But I waited and waited
and after about forty minutes no train had come (by some miracle).
During that time my mind began to wander, I thought of some of my old
hometown friends, I began to think how much they'd be upset by having
to come by and ID my body (during my research into suicide I saw no
shortage of police photos of what trains did to a human body) and
slowly my mind began to reconsider. Finally I got up, walked back up
to the road and continued walking home. Minutes later a train went
by.
This period of on and off mental
fog lasted all of that fall. But the fog was interspersed by flashes
of brilliance still. I started my neuroscience blog then. I was still
writing to scientists around the world looking for answers and,
miracle of miracles, some of them wrote back and engaged me in great
discussions (Steven Pinker, Jon Lieff among them, both of whom
answered me with very useful information). I watched online lectures
on neuroscience, gained more great insight and wrote great pieces on
that.
Then it'd all go blank
again and I'd spend days just staring out the window.
I literally had no idea
what my mind was going to be capable of on a given day during that
fall. Brilliant? Catatonic? Suicidally obsessed? In rollicking good
humour?
I described that period
to friends as my mind being like the apartment of a blind person and
every day you move the furniture on them and so each day the blind
person has to find their way around the new lay out and get used to
it. That's exactly how my mind was then – every morning I'd have to
feel my way around my mind and learn what it was going to be like
that day.
At some point in early
December of that year I entered the dreaded “mixed episode”. This
is when the bipolar mind is in the grips of dark, dark thoughts and
thinking and suicidal obsession, all the sort of things associated
with depression, ALONG WITH the high powered energy of mania. It is
lethal combination. My mind got more wildly and wildly dark and
obsessed. I went two weeks without sleeping. All my mind did was plan
my final days, method of death and final preparations. At some point
I wrote my Visions for the Future of Mental Health Care post, the basis for which I wanted to leave behind as my legacy.
Somehow friends and
family were made aware and notified and again I went into the psyche ward. And that's where I closed out a very wild 2013.
Altogether in 2013 I
wrote somewhere around 400,000 words in various blogs, book
manuscripts and hundreds pages of notes of all kinds, not
to mention dozens and dozens of long emails sent to god knows how
many recipients. Meanwhile, I read – I estimated once – somewhere
close to two million words of highly advanced neuroscience, papers on
psychiatric disorders and drugs, dozens of books on science, essays
of all kinds – all of it on subjects I'd never thought about or
read about in my life.
January through March of
2014 were the worst in many ways. My mind was really shot by this time, now fully being hammered by the effects of an entire year of mania, hypomania, rapid cycling and a horrendous mixed episode. I couldn't
read, I couldn't think, I couldn't write, I couldn't move, I couldn't
do anything. Day after day after day I just stared out the window or
laid in bed. Sometimes I went for walks. Sometimes friends would come
to visit.
I have virtually no
memory of anything during those three months. It's almost as if it
didn't exist, as if I was in a coma. I remember a few certain things.
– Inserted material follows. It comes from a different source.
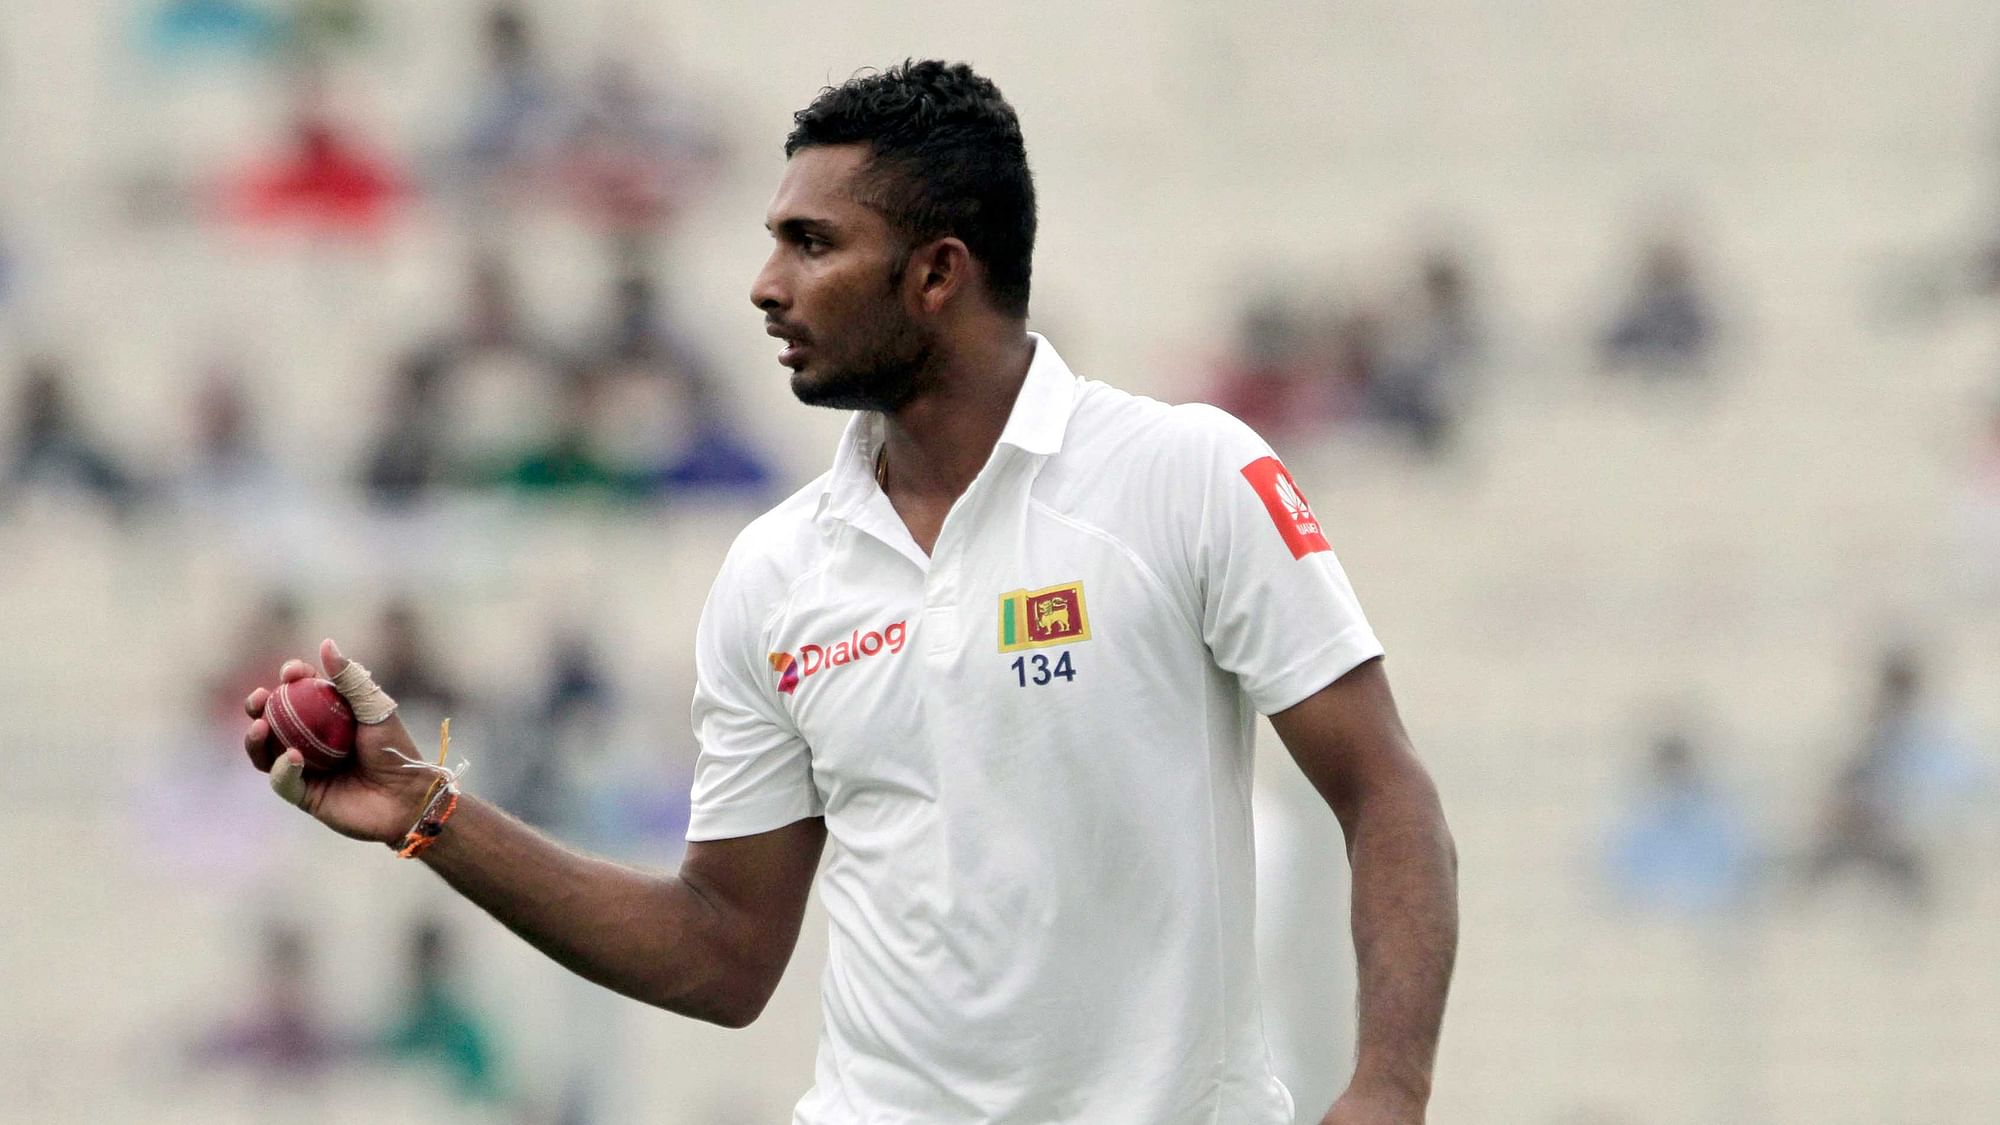 Sri Lanka’s Dasun Shanaka prepares to bowl his next delivery during the second day of their first test cricket match against India in Kolkata

Some friends gave me a very sweet and moving birthday party.
Actually, that's the only event I can remember. I tried, as well as I
could, to practice something from my Positive Difference
Making Fundamentals each day. I listened to a LOT of music. That I
can remember. I'm pretty sure I'd be dead if it weren't for Vivaldi,
Mozart, Glenn Gould, Miles Davis, Dave Brubeck, John Coltrane and
Bill Evans. I can recall starting work on mindfulness cognitive
behaviour therapy.
Somewhere in that three
month stretch to start 2014 I ended up planning suicide again. It was
just unbearable to me. During the previous six years I'd lost
everything I'd ever created in my life (all life savings, ownership
of my condo, family, friends, the ability to work and earn money).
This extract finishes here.